The gift of suffering is that our suffering connects us to God in ways words simply cannot describe. I know this to be factually true because I have heard from so many people in hospital rooms, assisted living homes, and on the streets who clearly are suffering, and yet they tell me they are blessed. And they tell me they know God is with them. It is the dying, the sick, the homeless, who become our saints, our icons, pointing out to us through their suffering that they are connected to God in a way our culture of acquisition, leisure, and ownership cannot and will not ever comprehend. 

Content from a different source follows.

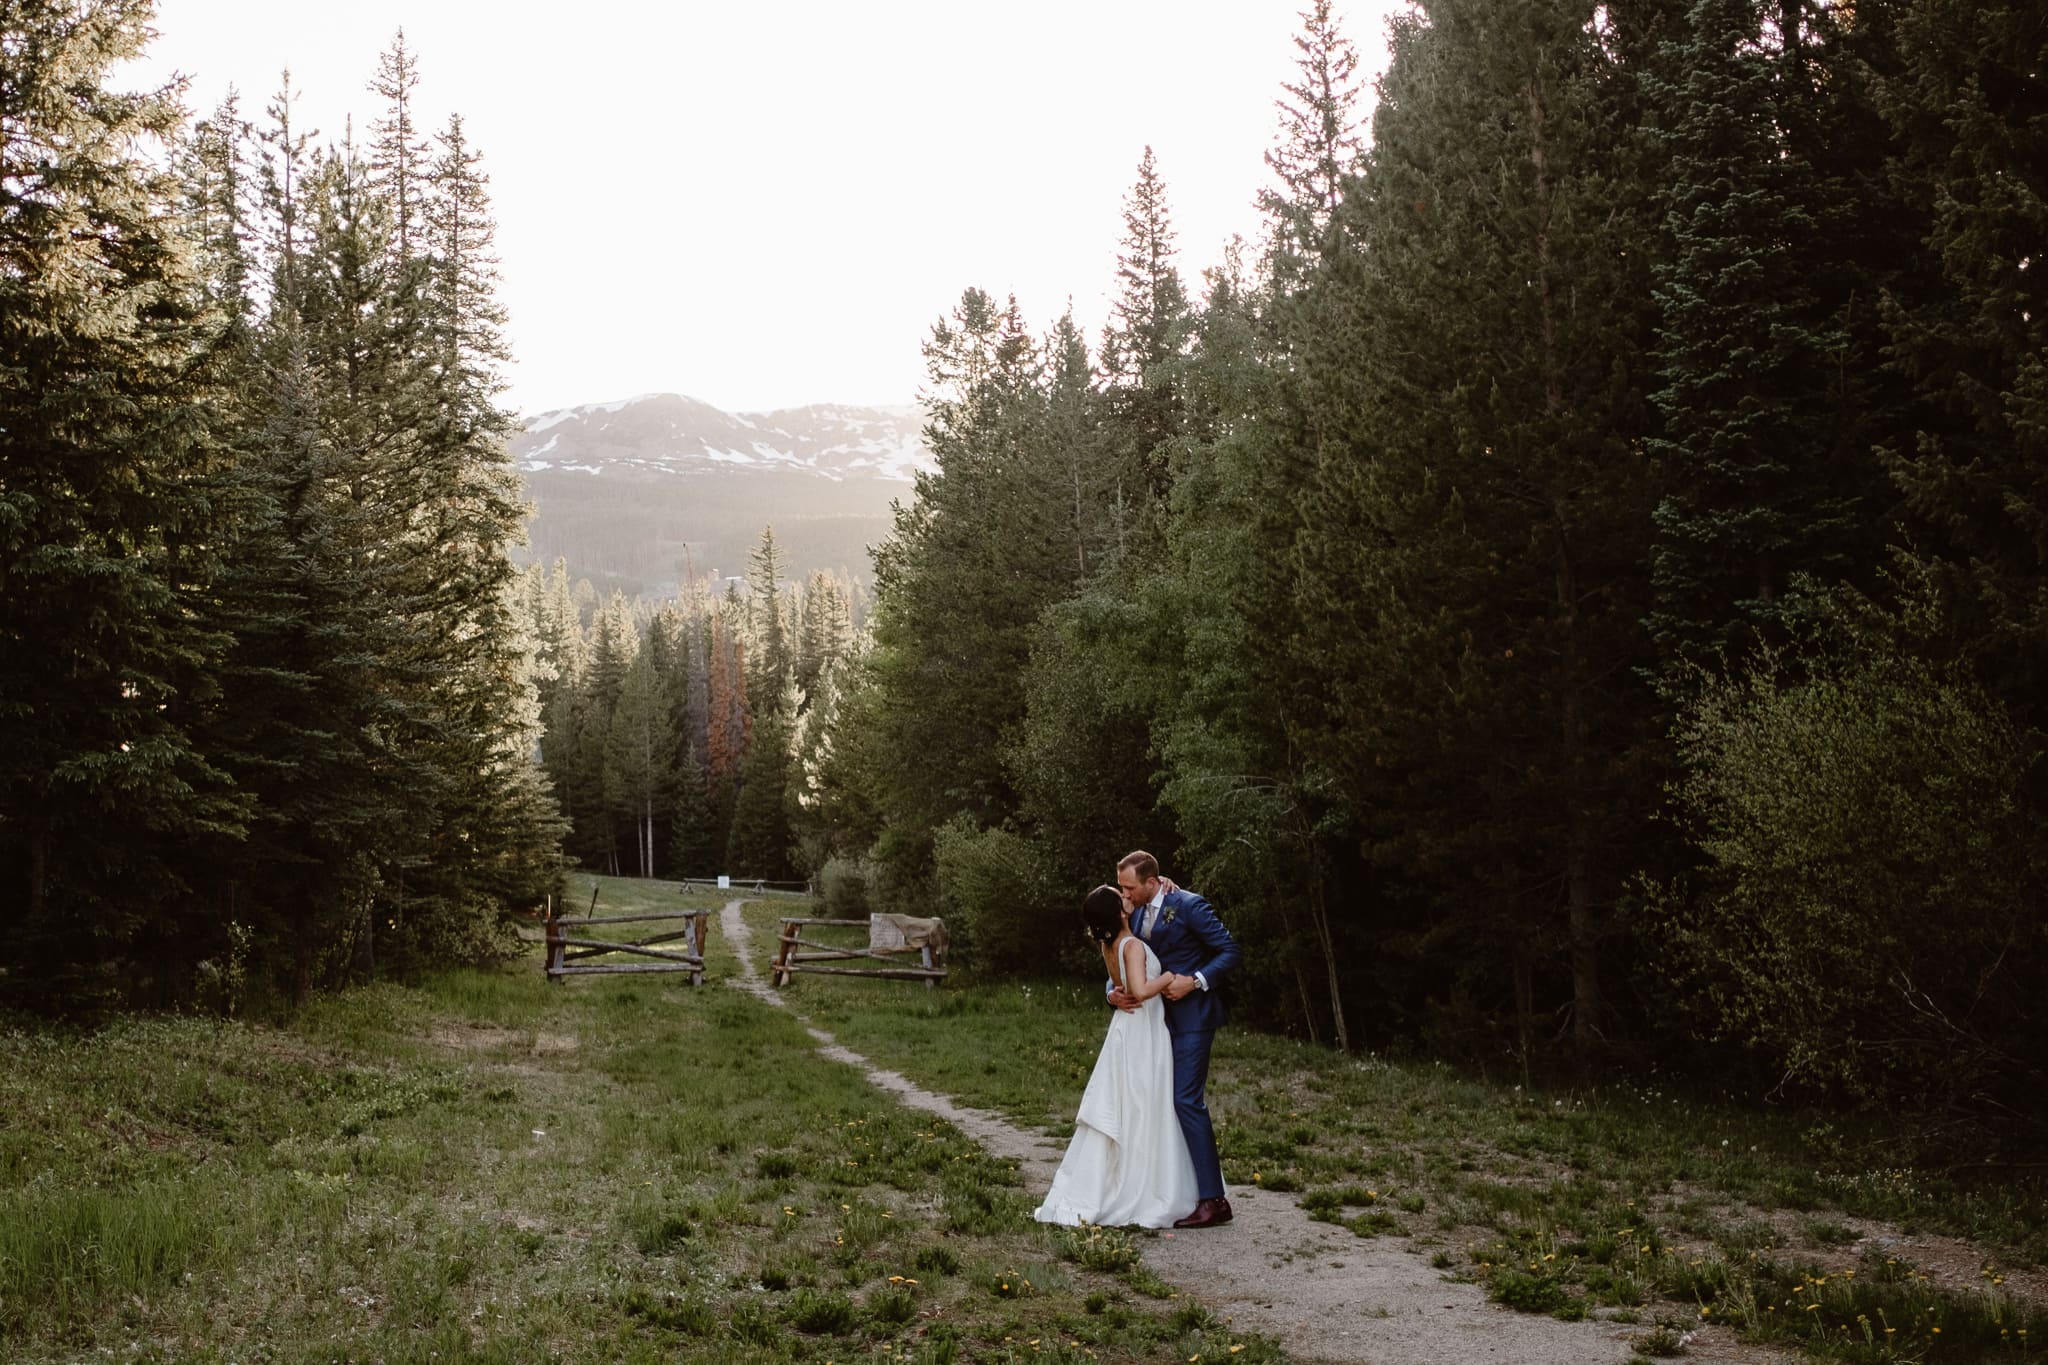 Breckenridge Nordic Center Wedding Photographer, bride and groom portraits in woods at golden hour, Summit County wedding photographer

The model of the life of the Buddha and the life of Jesus was to turn toward, not way from, suffering. The closer we come to it, the more we are convinced that we are loved with a love that is more dependable than even our own, prized more highly than ever we could prize ourselves, so that like Jesus we can be full of joy, strongly invulnerable in the midst of our vulnerability. 

People still come to me with questions about God that honestly are unanswerable. I admit that me explanation that “God suffers, too” is not very helpful to a person undergoing a crisis. Or is it?  For the rabbis at Auschwitz, it was enough for them to say that even though God was guilty, they never doubted God’s presence with them. That’s why they prayed after the trial.  For those rabbis, it was God’s suffering alongside them that preserved their faith.

This is not a wildly popular message, but neither is what we hear from the Bible today. These are hard, difficult truths to receive. And yet for any of us who has walked through the dark night of the soul, we know this is true. Through God’s strength, not ours, we can turn our faces towards suffering, we can befriend it, invite into our lives rather than push it away. 

Fear not.  God walks with you, suffers beside you, and carries you through darkness into light.  AMEN.